The book can be seen as a thin veiled introduction to statistics, but it is not necessarily written for university students; it is for lay people and the public at large. Lay people love stories and questions, because they serve as catalysts for productive conversations. And, the book is structured with plenty of interesting stories that surely stimulate thinking in many creative ways. Spiegelhalter starts off with a tragic story about an English doctor named Harold Shipman who had killed at least 215 patients between 1975 and 1998. The Shipman's story includes actual data on age, gender, time and year of death of all victims. A simple listing of those data does not tell us anything. Instead, Spiegelhalter applied some simple statistical graphics to visualize the data, and the result is an insight into the crime: most of Shipman's victims were in their 70s and 80s, and they tended to die in the early afternoon. Of course, the analysis could not tell us why they died at that time, but an official enquiry into the crime revealed that Shipman often visited his patients at home after lunch, when he would inject them with a massive dose of diamorphine he said was to make them more comfortable. The simple analysis enable the data to 'speak'. Through the simple analysis, Spiegelhalter makes the point that "numbers do not speak for themselves, we are responsible for giving them meaning" (page 27). Statistics is a very powerful tool to extract lively information from cold data.
Fig 1: a simple scatter plot of age at death and year of death of 215 victims. The plot reveals that most victims were in their 70s and 80s. There is a 'gap' between 1990 and 1992 in the graph, because during that period Harold Shipman worked for a private practice.
From the tragic Shipman's story, Spiegelhalter launches into a series of discussions on various statistical subjects. These include the analyses of categorical data and continuous data; using sample data to make inferences concerning population parameters; hypothesis testing; modelling relationships using linear regression and logistic regression; survival analysis; and prediction and analytics. The book also touches on topical issues such as reproducibility and risk communication. Spiegelhalter is a renowned Bayesian statistician, and readers can surely bet that he has a chapter on Bayesian inference which he termed 'Learning from Experience'.

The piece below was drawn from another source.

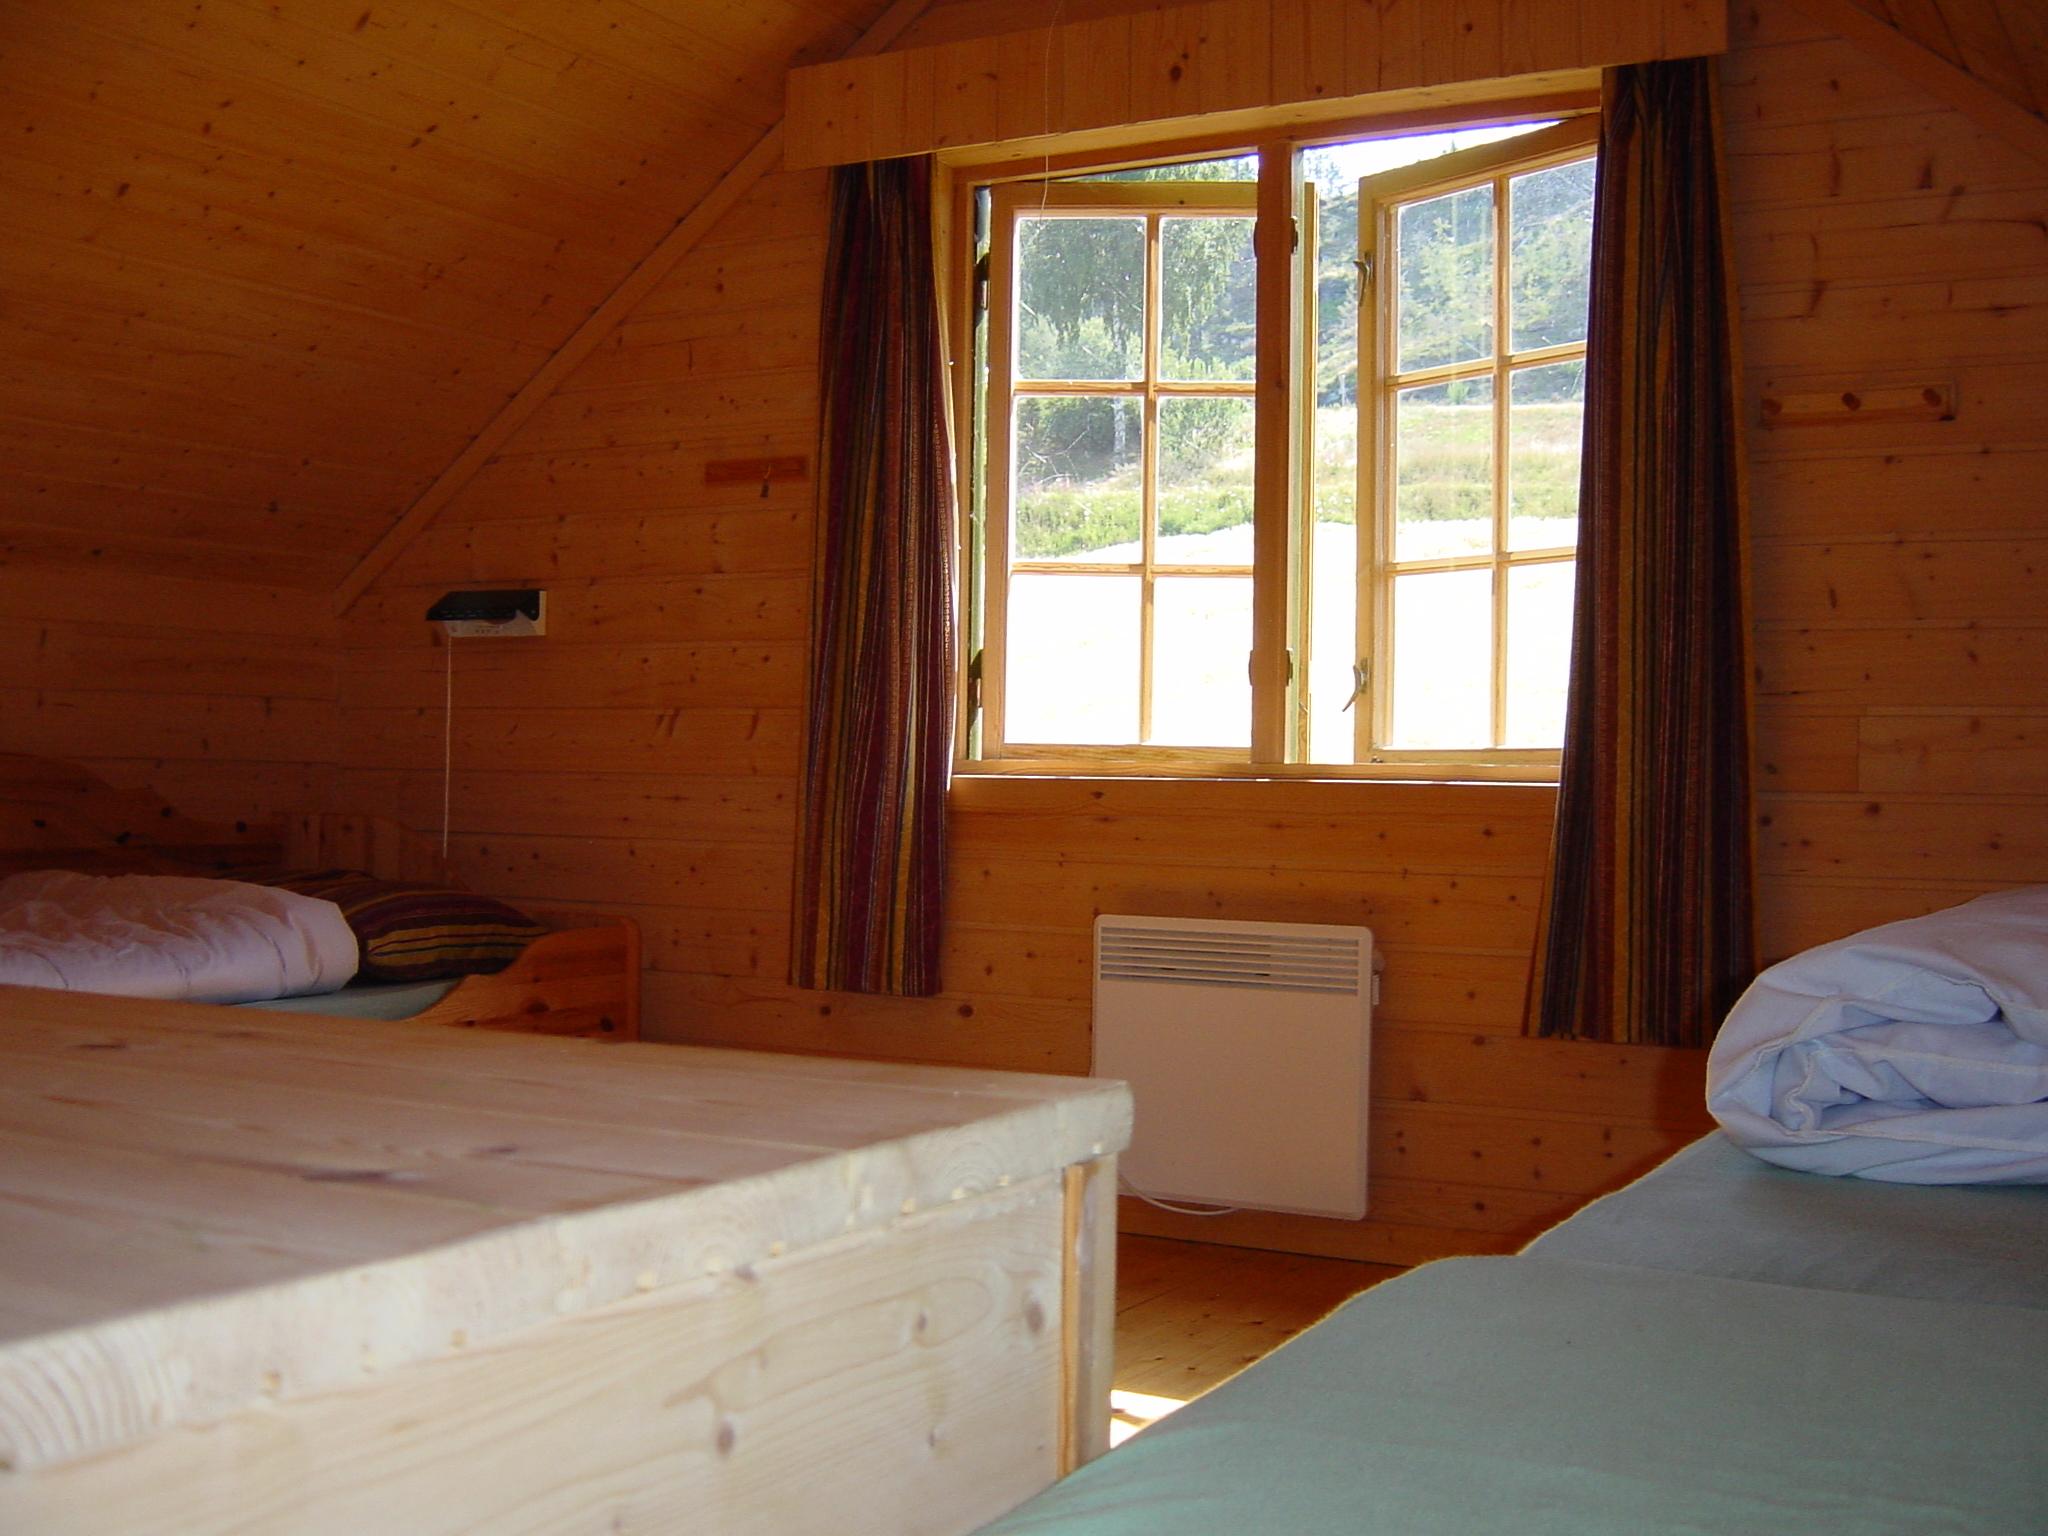 angelreisen nach mittelnorwegen region flatanger roan und hitra dintur angeln in norwegen. Black Bedroom Furniture Sets. Home Design Ideas

Each of those subjects is commenced with a story or a question. Starting with the question of "How many trees are there on the planet", Spiegelhalter discusses what constitutes a "tree" (which is incidentally defined as at least 12.7 cm in diameter breadth height), and how to answer the question by using sampling techniques. Other questions in the books are also well discussed: What is the cancer risk from bacon sandwiches? Can we trust the wisdom of crowds? Do busier hospitals have higher survival rates? Does going to university increase the risk of getting a brain tumour? Do statins reduce heart attacks and strokes? Is prayer effective? Why do old men have big ears? etc. These questions seem deceptively simple, but the answer -- or the process of reaching an answer -- is quite a scientific journey.
That scientific journey is called PPDAC which was advanced by New Zealand, a world leader in statistics education in school. In this approach, a research cycle is started off with a problem or research question (P). The second stage is to plan (P) a data collection procedure (i.e, an experiment), and to decide the variables to be measured in relation to the research question. The third stage is to actually perform the data collection (D), which means measurement, management, and cleaning. The fourth stage involves the analysis of data (A) which includes visualization, numerical description, and statistical modelling. The final stage is to make conclusion (C) or interpretation of the results of analysis. A new hypothesis or research question can be formed from the conclusion, and a new cycle of PPDAC starts again. I think that is a brilliant way to introduce statistics to students and the public at large.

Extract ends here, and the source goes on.